Se desmontó el programa del “misil Cóndor” con Irán y se puso fin a las ventas de armamentos a países emparentados con el terrorismo islámico. Probablemente los atentados contra la embajada de Israel y contra la AMIA hayan sido el precio cruento y sorpresivo de aquellas medidas.
Se consolidó la libertad de expresión, especialmente cuando la Corte Suprema consagró la “doctrina de la real malicia”, un avance en la protección al periodismo contra eventuales querellas por injurias y calumnias, ya que desde entonces el querellante está obligado a probar que el autor de una nota mintió dolosamente para dañarlo.
La Argentina firmó tratados internacionales contra la corrupción, se creó la Oficina Nacional de Ética Pública y el sistema de declaraciones juradas patrimoniales abierto y obligatorio; se redactó y puso en vigor el Código de Conducta de los Funcionarios y se sancionó la ley de ética pública.
Hubo, sin embargo, en contraste con aquellos avances legislativos, graves actos de corrupción en diversas áreas de gobierno y también hechos de sangre vinculados con negocios corruptos, como el falso suicidio del brigadier Rodolfo Etchegoyen, administrador general de Aduanas; la voladura de la Fábrica Militar de Río Tercero, y algunos asesinatos de testigos claves en procesos penales. Y también extrañas relaciones de negocios mafiosos con el poder, como la del traficante de armas sirio Monzer Al Kassar con el entonces director de Migraciones Aurelio Martínez, exoperador del poder mafioso del almirante Emilio Massera. A lo cual deben sumarse los manejos del sombrío empresario Alfredo Yabrán y las extrañas inversiones del árabe Gaith Pharaon, vinculado con el tráfico de heroína de la mafia paquistaní y dueño del BCCI, un banco que había sido caja de diversas organizaciones del terrorismo islámico. En honor a la verdad, el BCCI mantuvo múltiples sucursales en buena parte de los países desarrollados antes de ser clausurado.
Del mismo modo, y a diferencia de lo que hoy sucede, hubo en los 90 funcionarios de la propia administración que reaccionaron contra las mafias involucradas con sectores del poder político y confrontaron con ellas.

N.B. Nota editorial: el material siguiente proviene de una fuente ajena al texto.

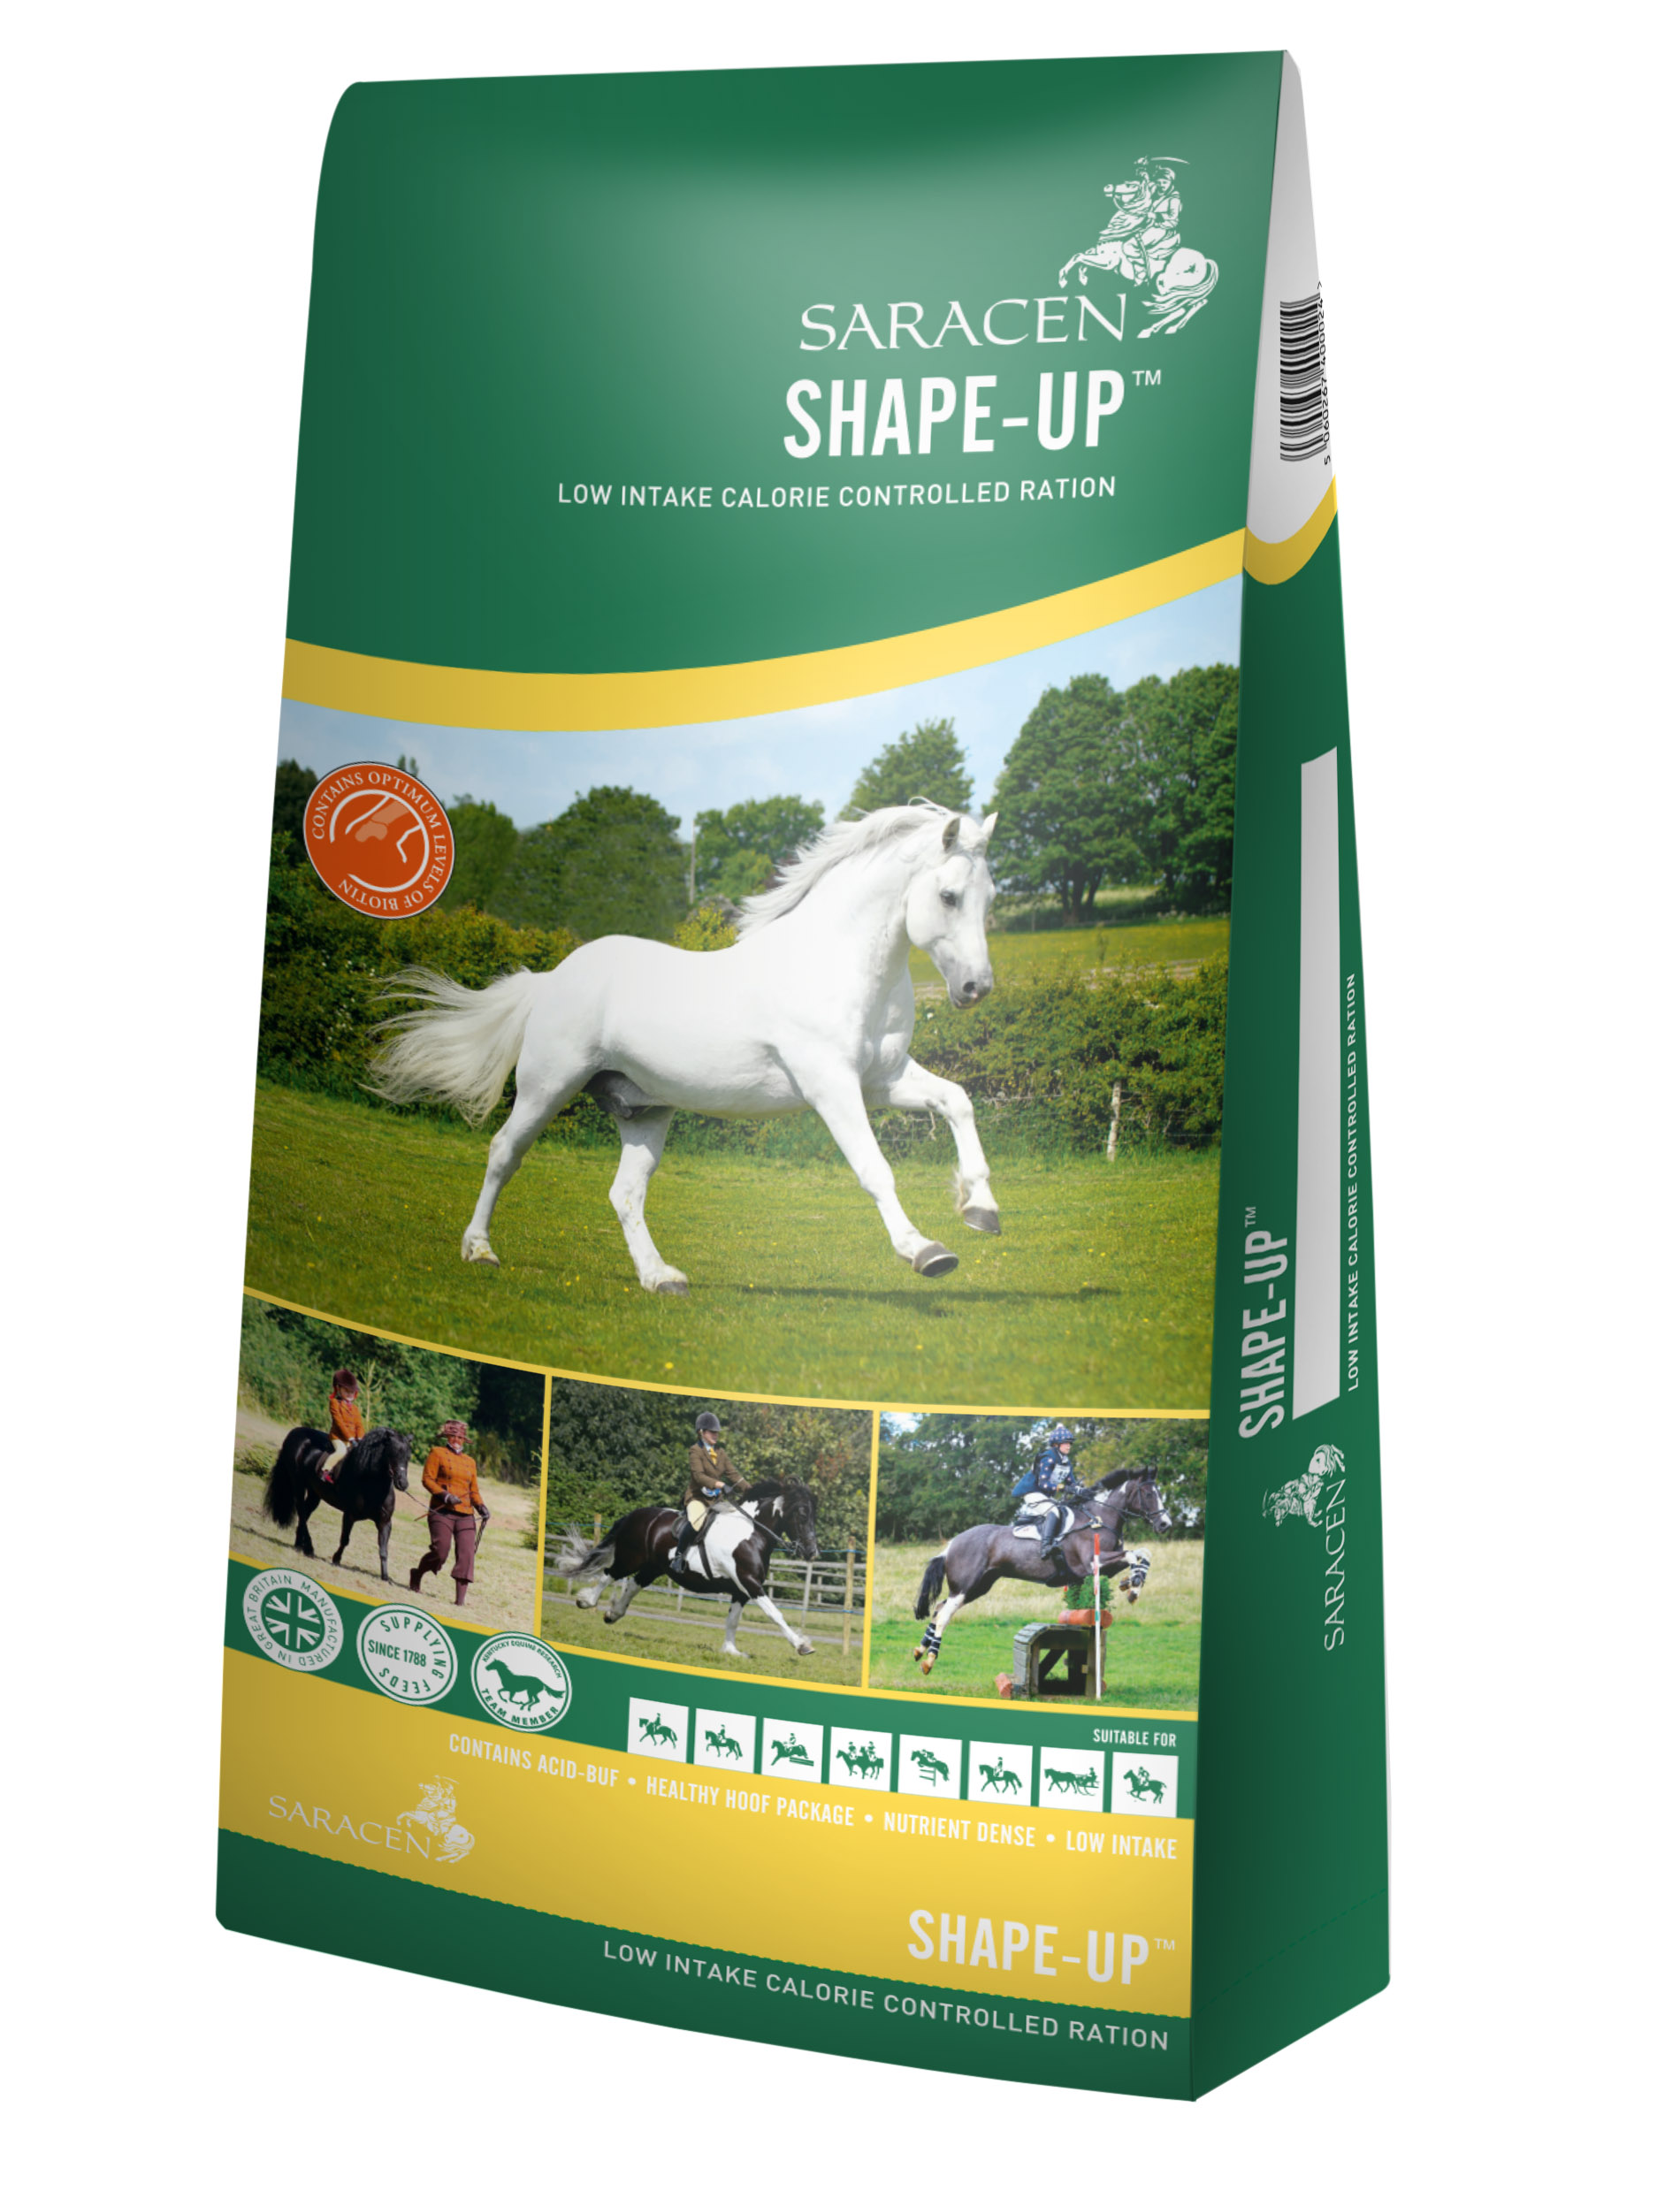 Saracen - Shape-Up - kalorienarmes Futter für leichtfuttrige Pferde - mit hohem Rohfasergehalt

Grandes y lamentables contradicciones de esa década que, así y todo, mantenía el rumbo hacia la civilización.
Hoy, la profecía de Fukuyama se cumplió en cuanto había escrito que “si no existe una causa justa por la cual combatir, porque esa causa justa salió triunfante en generaciones anteriores, entonces los hombres lucharán contra esta causa justa”.
Contra el denostado Consenso de Washington, se armó el Foro de San Pablo, y el comunismo volvió por sus fueros, financiado por el narcotráfico, el verdadero poder. La confrontación se reanudó, multiplicada en su poder y dividida en una pluralidad de intereses que confluyen contra las democracias occidentales.

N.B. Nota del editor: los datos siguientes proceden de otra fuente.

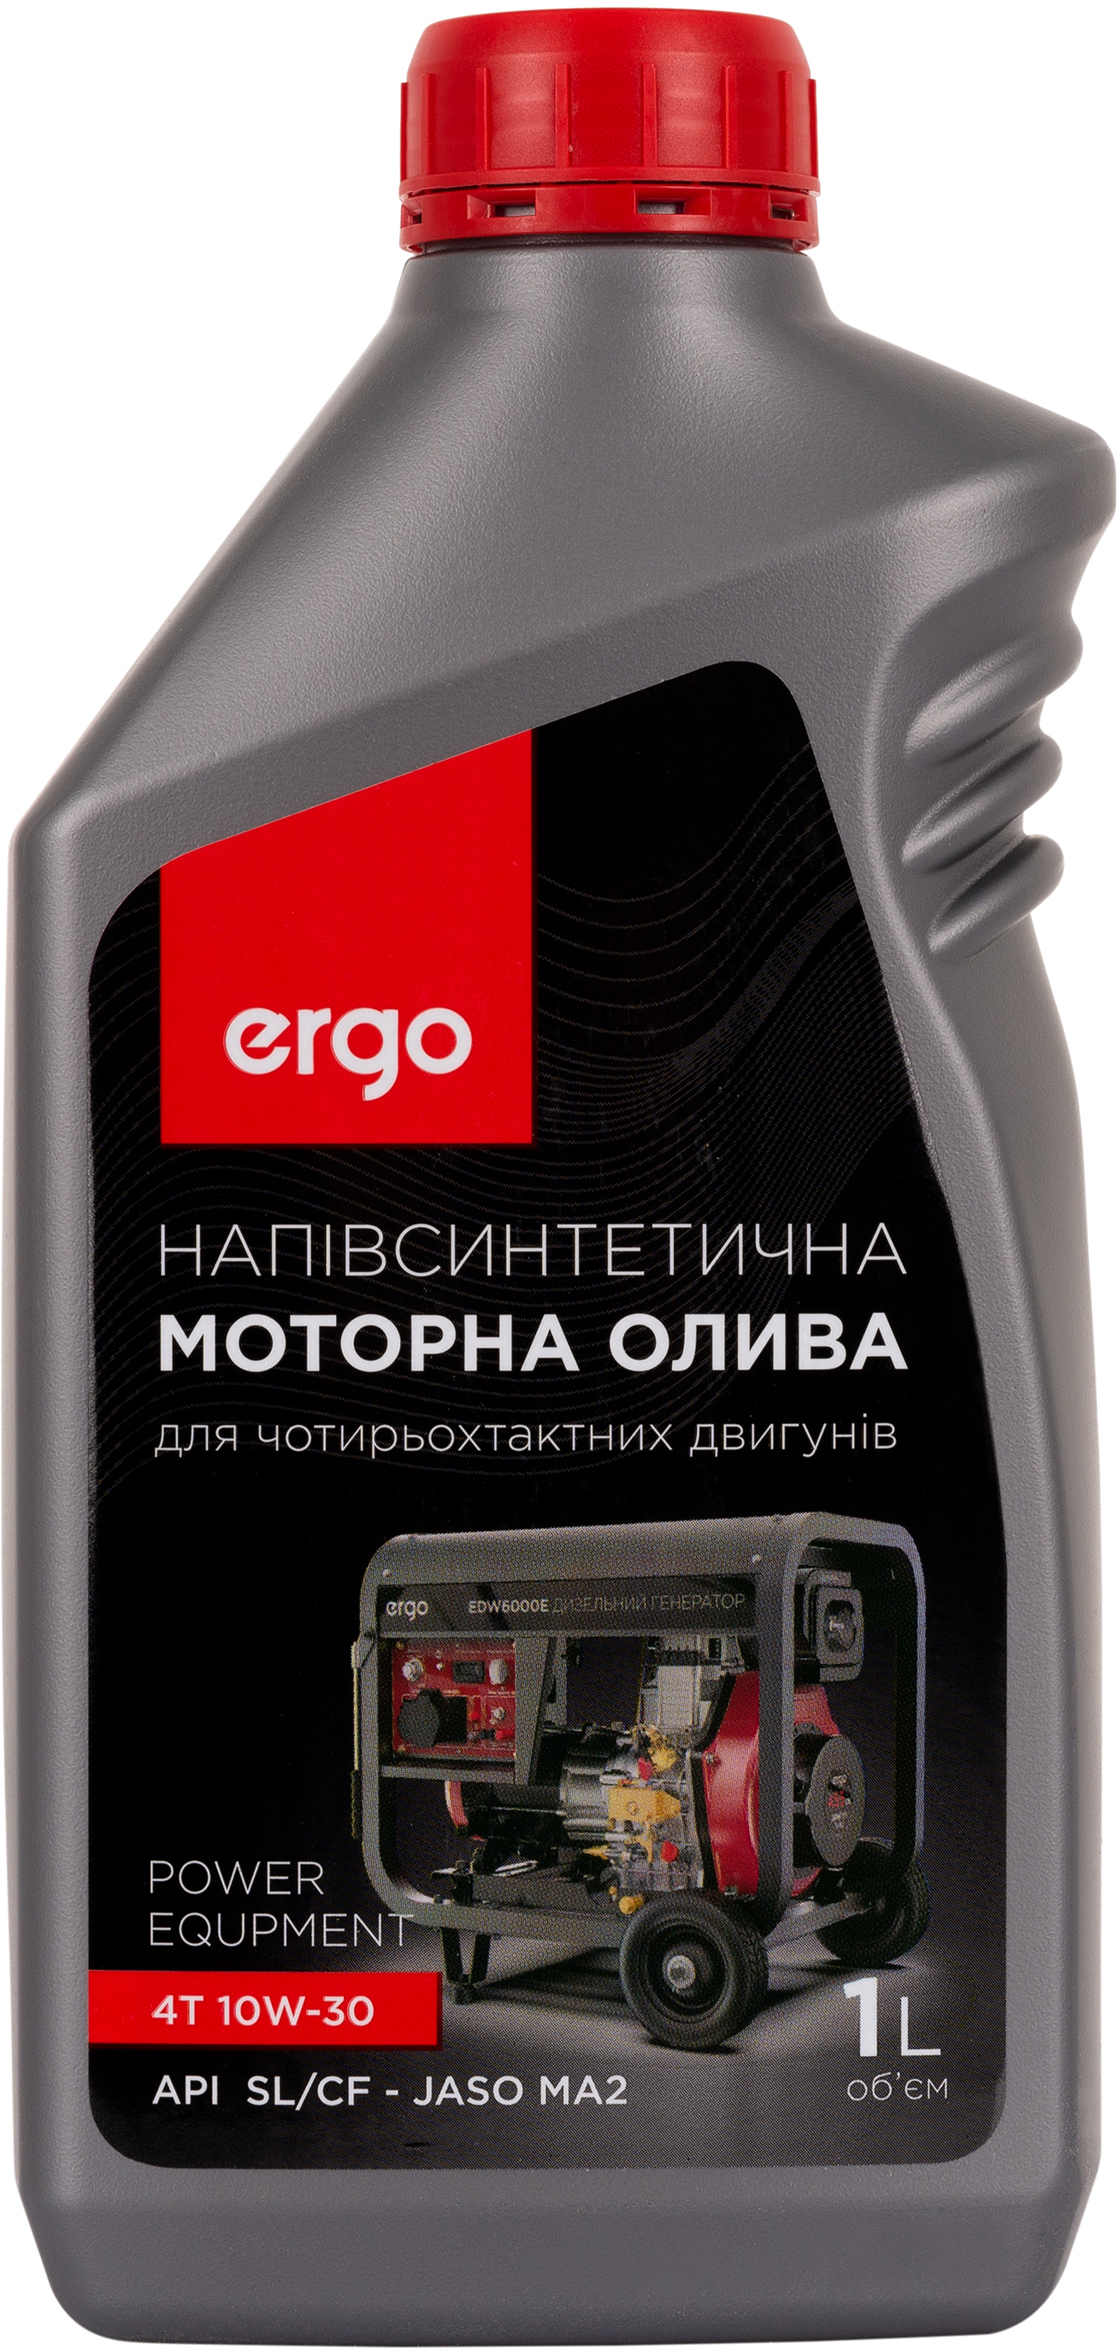 Цена моторное масло Ergo 10W-30, 1 л в Львове

La caída de las Torres Gemelas, el 11 de septiembre de 2001, marcó el fin de la corta era iniciada con la caída del Muro. Casualmente, y sin un hecho tan cruento, los 90 terminaron casi al mismo tiempo en la Argentina.
En lugar de una Guerra Fría, existen hoy –aliados en América a Estados populistas– múltiples focos de ataque, una “revolución molecular”, como la llamó su ideólogo, el psicoanalista francés Félix Guattari, y la denunció el expresidente de Colombia Álvaro Uribe.
La democracia volvió a ser hoy una meta a alcanzar.